Persönlichkeitsstörungen sind vergleichsweise
häufig. Die Prävalenzrate für unbehandelte Personen in der deutschen Bevölkerung wird mit 11 %
angegeben (Bohus et al. 2009), in stationären Einrichtungen bis zu 50 %, Ambulante Therapeuten
hingegen scheuen sich, diese Diagnose zu vergeben (Rudolf 2009). Das geschieht häufig aus der
Befürchtung, die Patienten durch eine solche Diagnose zu pathologisieren. In der Tat betonen manche der diagnostischen Kriterien weniger das subjektive Leiden als vielmehr negativ bewertete
Eigenschaften. Es ist offenbar etwas Heikles an dieser Diagnose, der Umgang mit ihr erfordert in
besonderer Weise therapeutisches Taktgefühl.
Gleichwohl zeigen sich Patienten aber auch durchaus erleichtert, wenn man mit ihnen die diagnostischen Kriterien ihrer speziellen Persönlichkeitsstörung durchspricht. Es wird dadurch etwas in
sprachliche Begriffe und Störungskonzepte gefasst,
dem der Patient sich bislang ausgeliefert fühlte,
ohne es benennen, verstehen oder ändern zu können.

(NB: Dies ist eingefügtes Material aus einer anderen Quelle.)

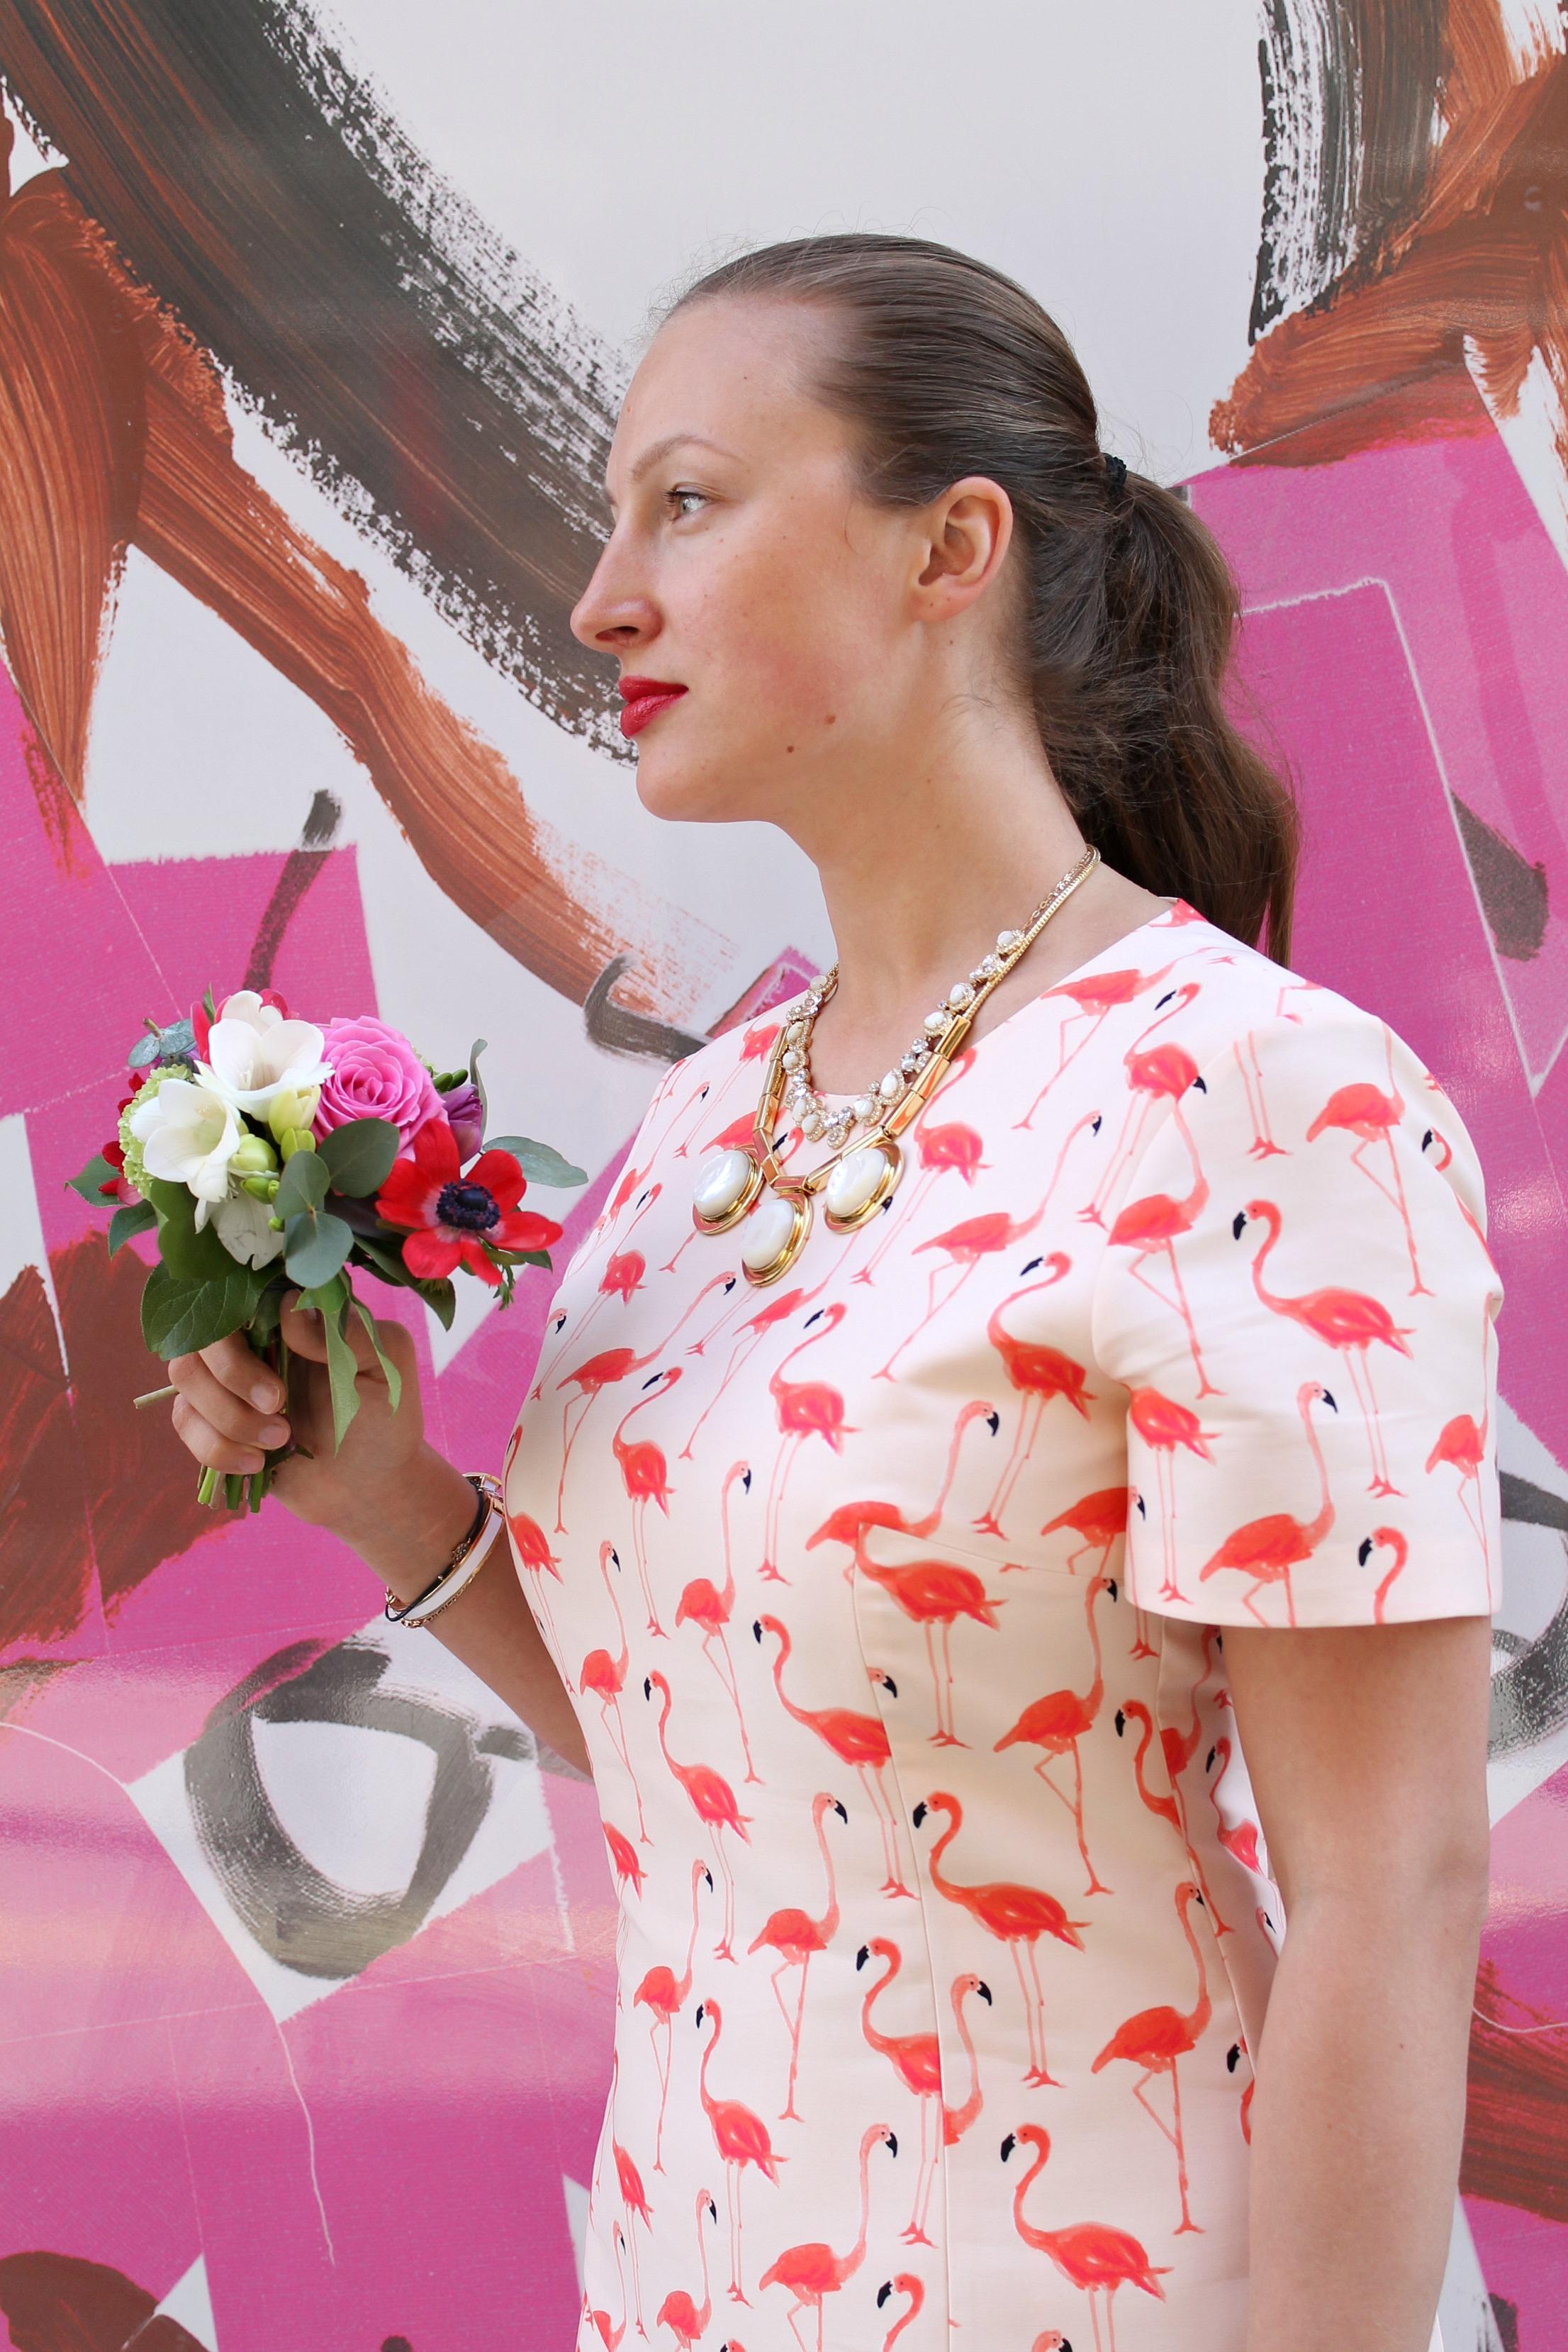 Kate-Spade-Flamingo-sheath-dress-photo-by-Little-Big-Bell

▶ ICD-10-Klassifikation. Das in Europa präferierte diagnostische Klassifikationssystem ICD-10,
das mit den Definitionen des amerikanischen
DSM-Systems nicht in allen Einzelheiten übereinstimmt, unterscheidet folgende Störungen.
● F60.0 paranoide Persönlichkeitsstörung
● F60.1 schizoide Persönlichkeitsstörung
● F60.2 dissoziale Persönlichkeitsstörung
● F60.3 emotional instabile Persönlichkeitsstörung
○ F60.30 impulsiver Typ
○ F60.31 Borderline-Typ
● F60.4 histrionische Persönlichkeitsstörung
● F60.5 anankastische Persönlichkeitsstörung
● F60.6 ängstliche (vermeidende) Persönlichkeitsstörung
●
●
●
F60.7 abhängige Persönlichkeitsstörung
F60.8 sonstige näher bezeichnete Persönlichkeitsstörung
F60.9 nicht näher bezeichnete Persönlichkeitsstörung
Die Diagnose „narzisstische Persönlichkeitsstörung“
muss in ICD unter F60.8 (andere) eingeordnet werden.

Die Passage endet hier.